- The Washington Times - Sunday, November 9, 2008

In Mechanic Master (for DS from Midway, $29.99), a player saves Earth as he builds contraptions. Through the barest of plots in this puzzle game, it’s up to a junior inventor to thwart an invasion of purple, blob-shaped aliens with fangs and rescue humans.

To solve the conundrums in the quickest time possible, he needs the wits of MacGyver to manipulate the Rube Goldberg-style collection of items at his disposal.

Equal to the slim story is the simplest of presentations for each puzzle. The DS screen typically offers a few pesky aliens, a couple of captives and a group of objects that are ready for the player to add items and make them come to life.

The puzzles can be as simple as moving a tennis ball to the right place to drop on an air canister and blow a bad guy off of a ramp to controlling the direction of a sweeping robot that drops a weight on an alien.

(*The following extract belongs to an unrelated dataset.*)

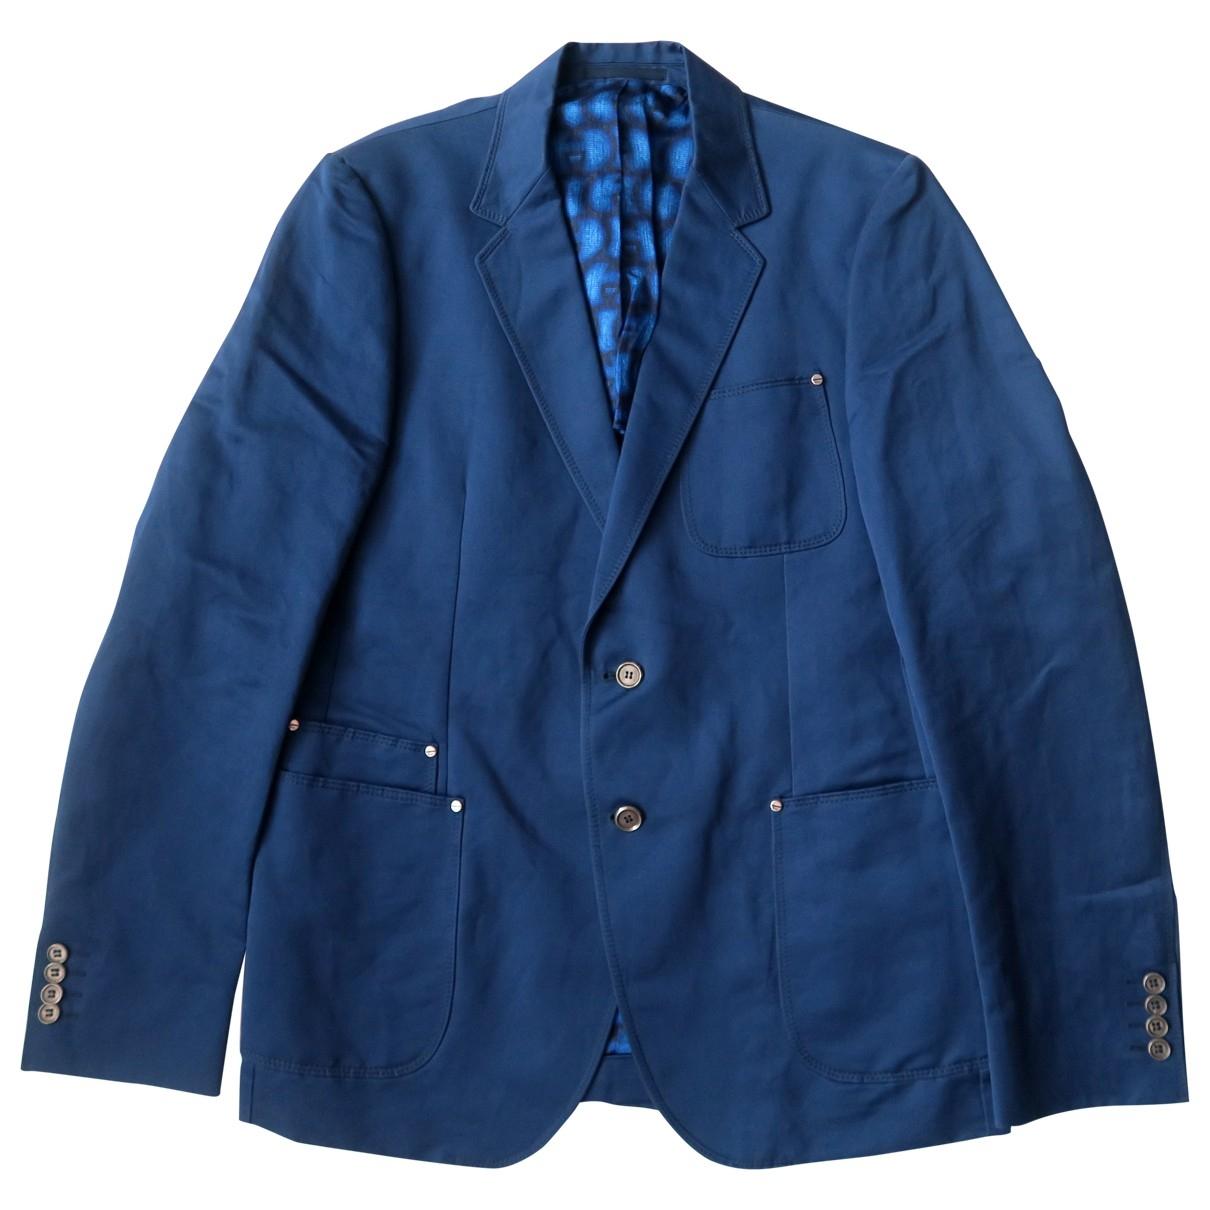 Gucci - Vestes.Blousons   pour homme en coton - bleu

As players progress, the machine setups get more complicated and can involve connecting belts to gears, lighting flames of enemy spacecraft, manipulating steel balls with magnets and cutting lines with scissors.

The bottom touch screen is the player’s workshop as he grabs items from an inventory and moves them into position. Once everything is in place, click the green arrow and the machine turns on, revealing the inventor’s work.

If the aliens have not been eliminated from the area, the player can continue to tweak his work to get the desired result.

An underutilized top screen displays a small version of the full layout of the contraption being built and not much else. I would have loved a more elaborate animation of the scene in motion, complete with dispatching the aliens.

A second level of puzzles requires drawing on the DS screen and creating shapes and lines, with the help of items, to get rid of the aliens. Especially cool is drawing circles to teleport pieces around the screen. To add to the challenge, a power meter dictates the number and complexity of the shapes that can be drawn.

More than 100 levels are available, and the player can create his own puzzles with 120 slots to develop more working contraptions. These can be traded with friends who also own the game using the DS’ wireless mode.

Learning time: The honing of logic, decision-making and problem-solving skills makes the game a perfect choice for the creative youngster intrigued by puzzles. Clever parents also can tie in some lessons on the physical sciences as well as talk about the legend of cartoonist Rube Goldberg and his wacky machines.

Age range: Most tweens and teens will get a kick out of the variety of conundrums that get pretty challenging, but younger players may get easily frustrated. Although I loved the brain exercises, defeating the aliens and freeing humans will not be enough action to inspire more seasoned gamers.

Final advice: Mechanic Master is not the prettiest or most innovative puzzler out there, but it provides a satisfying casual gaming experience.